作者： Xuepu Jin*1, Binghuang Zhang*1, Yu Sun*1, Yahan Duan1, Junchen Lu1, Jiannan Liu2, Jiahuai Han1,3,4, Yingying Zhang1 1State Key Laboratory of Cellular Stress Biology, School of Life Sciences, Faculty of Medicine and Life Sciences,Xiamen University, 2Technology Center,Shanxi Xinghuacun Fenjiu Distillery Co., Ltd., 3Research Unit of Cellular Stress of CAMS, Cancer Research Center of Xiamen University, Xiang'an Hospital of Xiamen University, School of Medicine,Xiamen University, 4Laboratory Animal Center,Xiamen University

简介：

Overview

This article presents a protocol for labeling proteins with a fluorescence protein tag in zebrafish larvae, facilitating the visualization of low-abundance proteins. The method enhances the imaging of proteins expressed in zebrafish, streamlining the donor construction process.

Key Study Components

Area of Science

Neuroscience
Biotechnology
Protein Imaging

Background

Fluorescence tagging is crucial for studying protein localization.
Zebrafish are a valuable model organism in biological research.
Low-abundance proteins pose challenges for visualization.
Efficient donor construction is essential for successful tagging.

Purpose of Study

To develop a reliable protocol for protein labeling in zebrafish.
To improve visualization techniques for low-abundance proteins.
To simplify the donor construction process for researchers.

Methods Used

Optimization of fluorescence protein tagging.
Incorporation of components into the backbone for efficiency.
Transmission screen workflow for inheritable nucleus accumulation.
Assessment of protein expression and localization in zebrafish.

Main Results

The protocol successfully labels proteins in zebrafish larvae.
Enhanced visualization of low-abundance proteins was achieved.
Streamlined donor construction process was validated.
The method shows potential for broader applications in protein research.

Conclusions

This protocol provides a valuable tool for researchers studying proteins in zebrafish.
It addresses challenges associated with low-abundance protein visualization.
Future studies can build on this method for various applications.

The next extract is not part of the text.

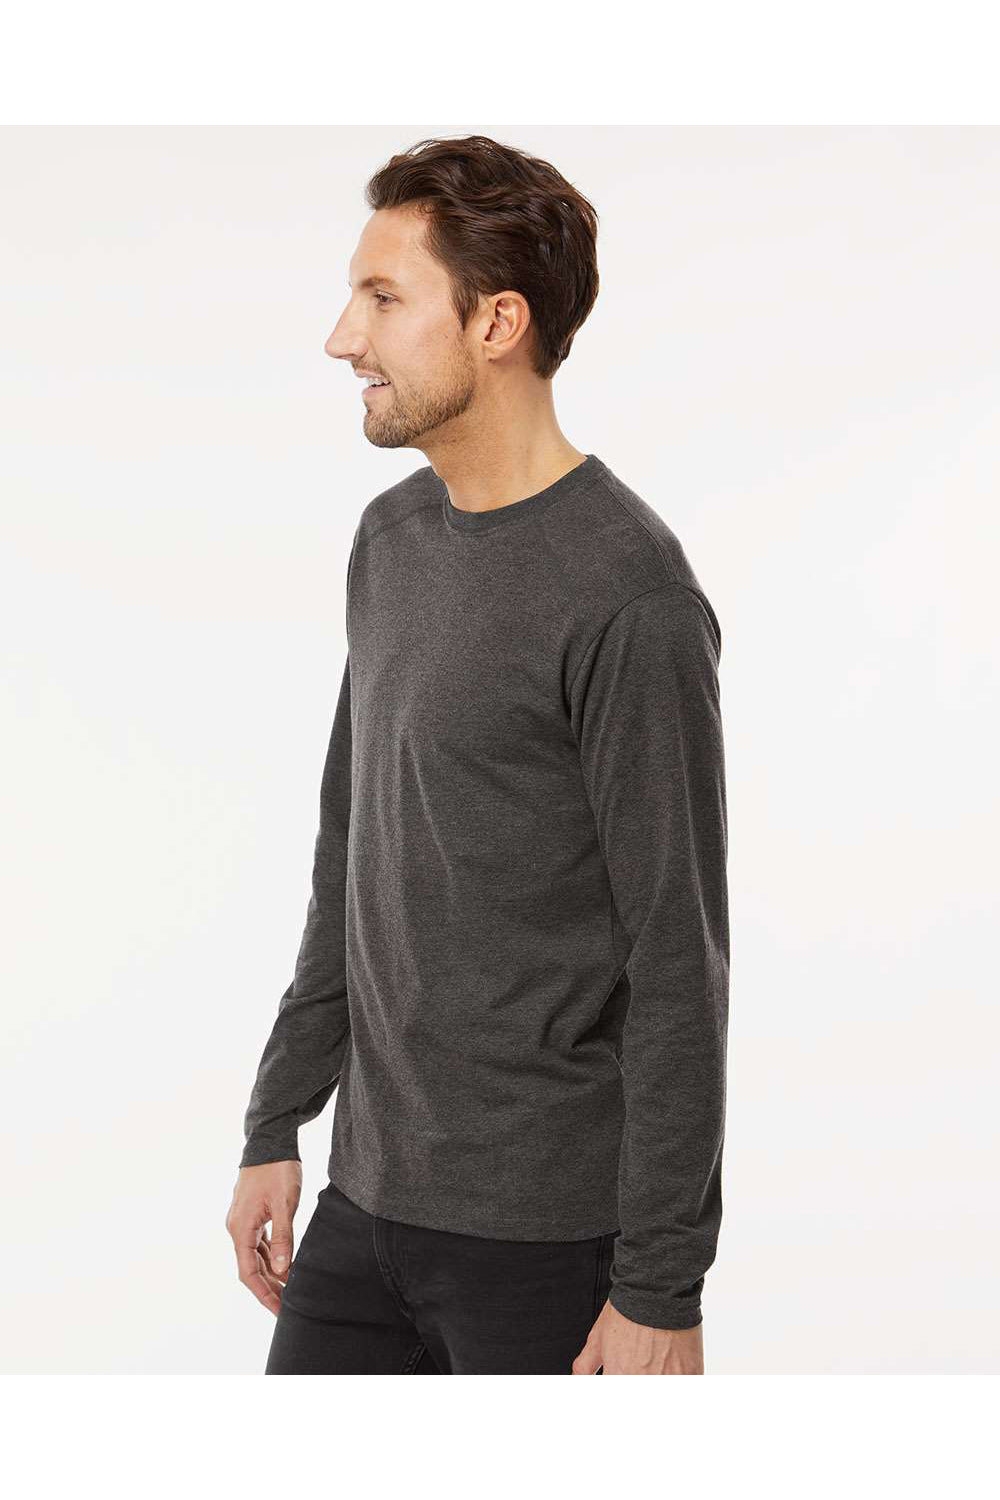 Kastlfel 2016 Mens RecycledSoft Long Sleeve Crewneck T-Shirt Carbon Grey Model Side

Frequently Asked Questions

What is the main advantage of this protocol?

The protocol simplifies the process of labeling low-abundance proteins in zebrafish, enhancing visualization capabilities.

Can this method be applied to other organisms?

While optimized for zebrafish, the principles may be adapted for use in other model organisms.

What are the key components of the donor construction?

The donor construction includes a backbone with optimized components for efficient protein tagging.

How does this method improve protein imaging?

It enhances the ability to visualize proteins that are expressed at low levels, which is often challenging.

Is prior experience required to use this protocol?

Some familiarity with molecular biology techniques is beneficial, but the protocol is designed to be accessible.

Here, we present a protocol to label proteins with a fluorescence protein tag in zebrafish larvae, a newly developed and modified in vivo system especially useful for visualizing low-abundance proteins in zebrafish.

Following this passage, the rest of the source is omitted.